3.1 Works of authorship and the protected range by copyright
This chapter gives some examples of works of authorship which can be protected by copyright:
- Literary works, such as books and stories
- Musical works, including any accompanying words
- Dramatic works, including any accompanying music
- Pantomimes and choreographic works
- Pictorial, graphic, and sculptural works
- Motion pictures and other audiovisual works
- Sound recordings
- Architectural works.
(Masteralexis 2000, 359-360)
illustration not visible in this excerpt
Figure 1: The FIFA WM 2006-Logo is a graphic-designed work with copyright
Logo is taken from the homepage www.fifaworldcup.com
However, when an author creates a kind of that work and becomes its copyright owner, the right he gets, does not extend to any idea, procedure, method of operation, concept, or marketing plan. The author does not have a claim at all situations, which seems to be an unfair trade practice. There is a line between fair and unfair that has to be considered. Special situations have to be examined with the help of a case-by-case analysis which includes references about the range of the abuse, the commercial use, financial disadvantages for the copyright owner or just ethical, social key points. The fair use doctrine helps to weigh up the situation. It is like a principle of law that has been established through the past decisions and interpretations known as a common defense to a copyright infringement claim. This doctrine tells us that a fair use of copyrighted work can be allowed, but only if the use is for purposes such as news reporting, teaching, criticism or documentary work.
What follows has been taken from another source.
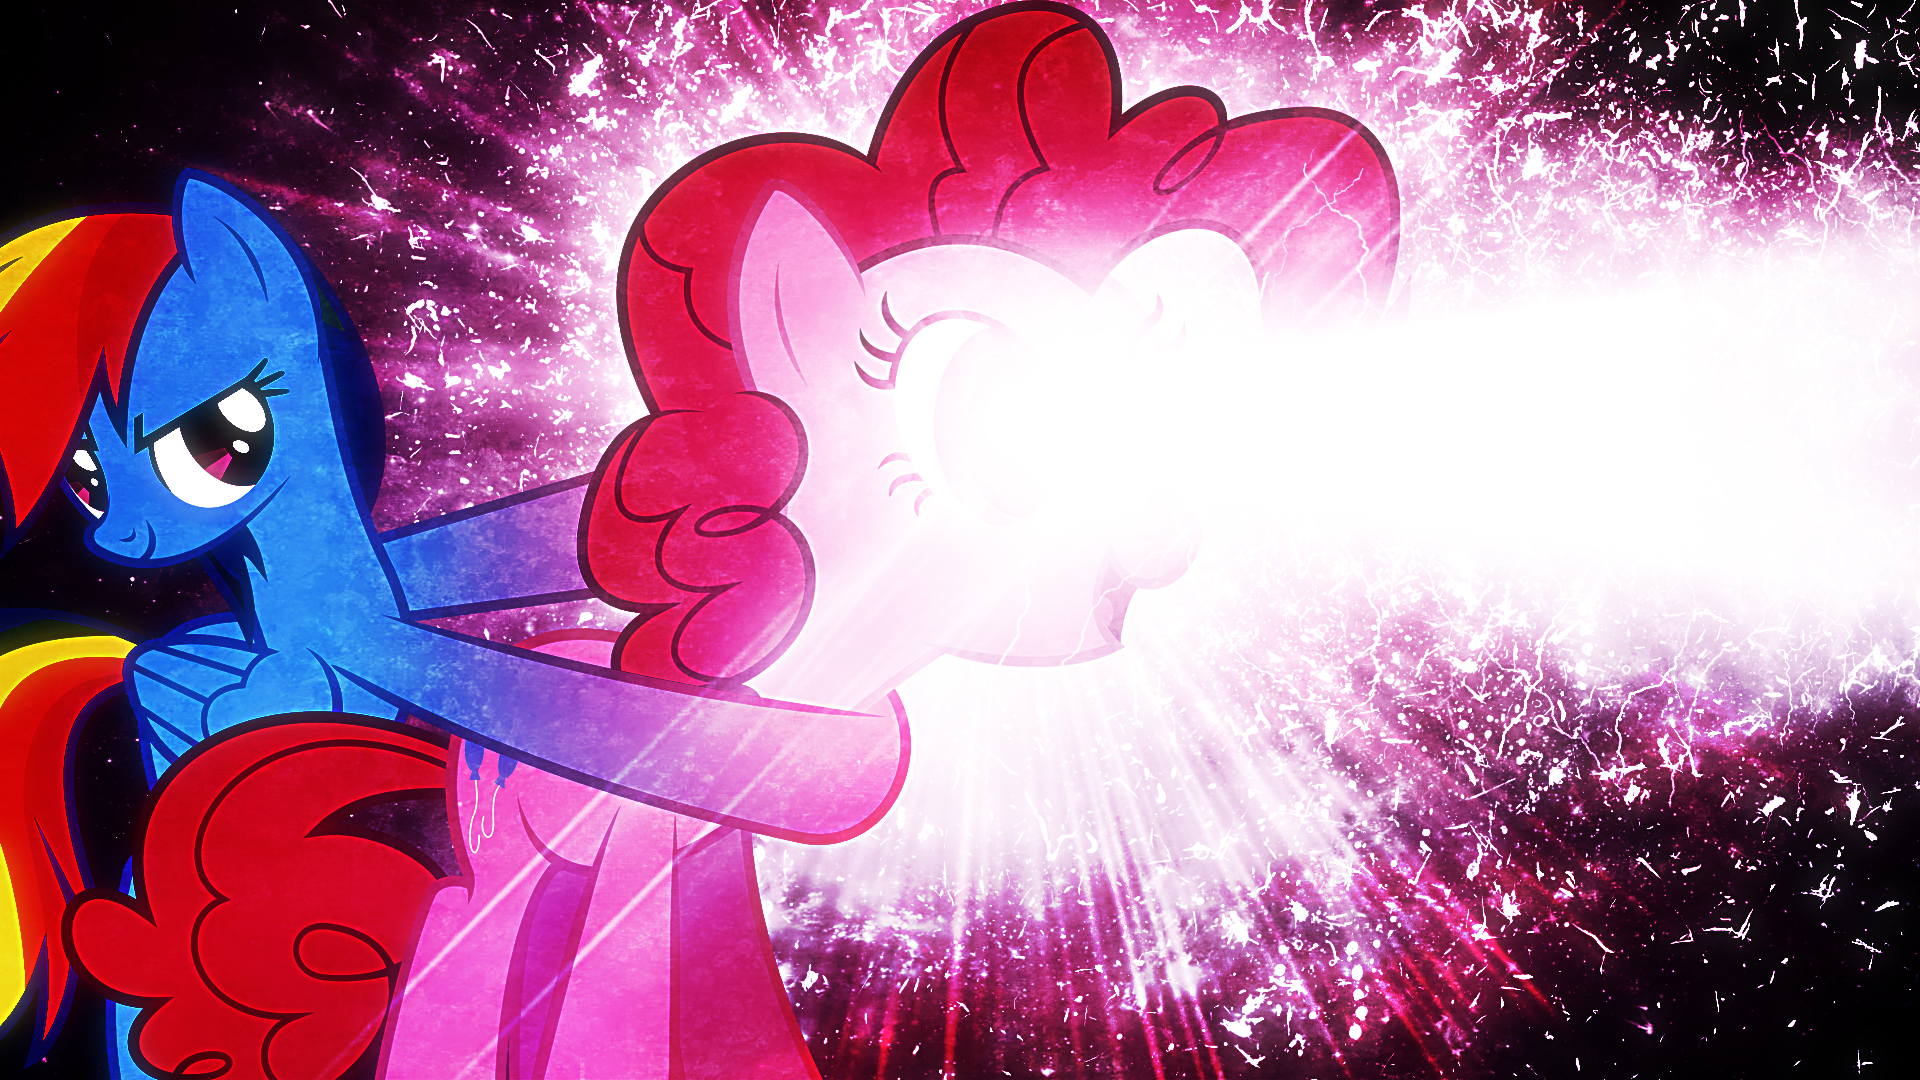 PINKIE CANNON FIRING - Wallpaper by flutterguy317 and Tzolkine

In general the Copyright Act grants a copyright owner the following rights;
- to perform the copyrighted work publicly by means of a digital audio transmission (sound recordings)
- to display the copyrighted work publicly (e.g. literary, musical, and choreographic works; pictorial, graphic, or sculptural works, including individual images of a motion picture or other audiovisual works)
- to perform the copyrighted work publicly (literary, musical, dramatic, and choreographic works; pantomimes; motion pictures, and the like)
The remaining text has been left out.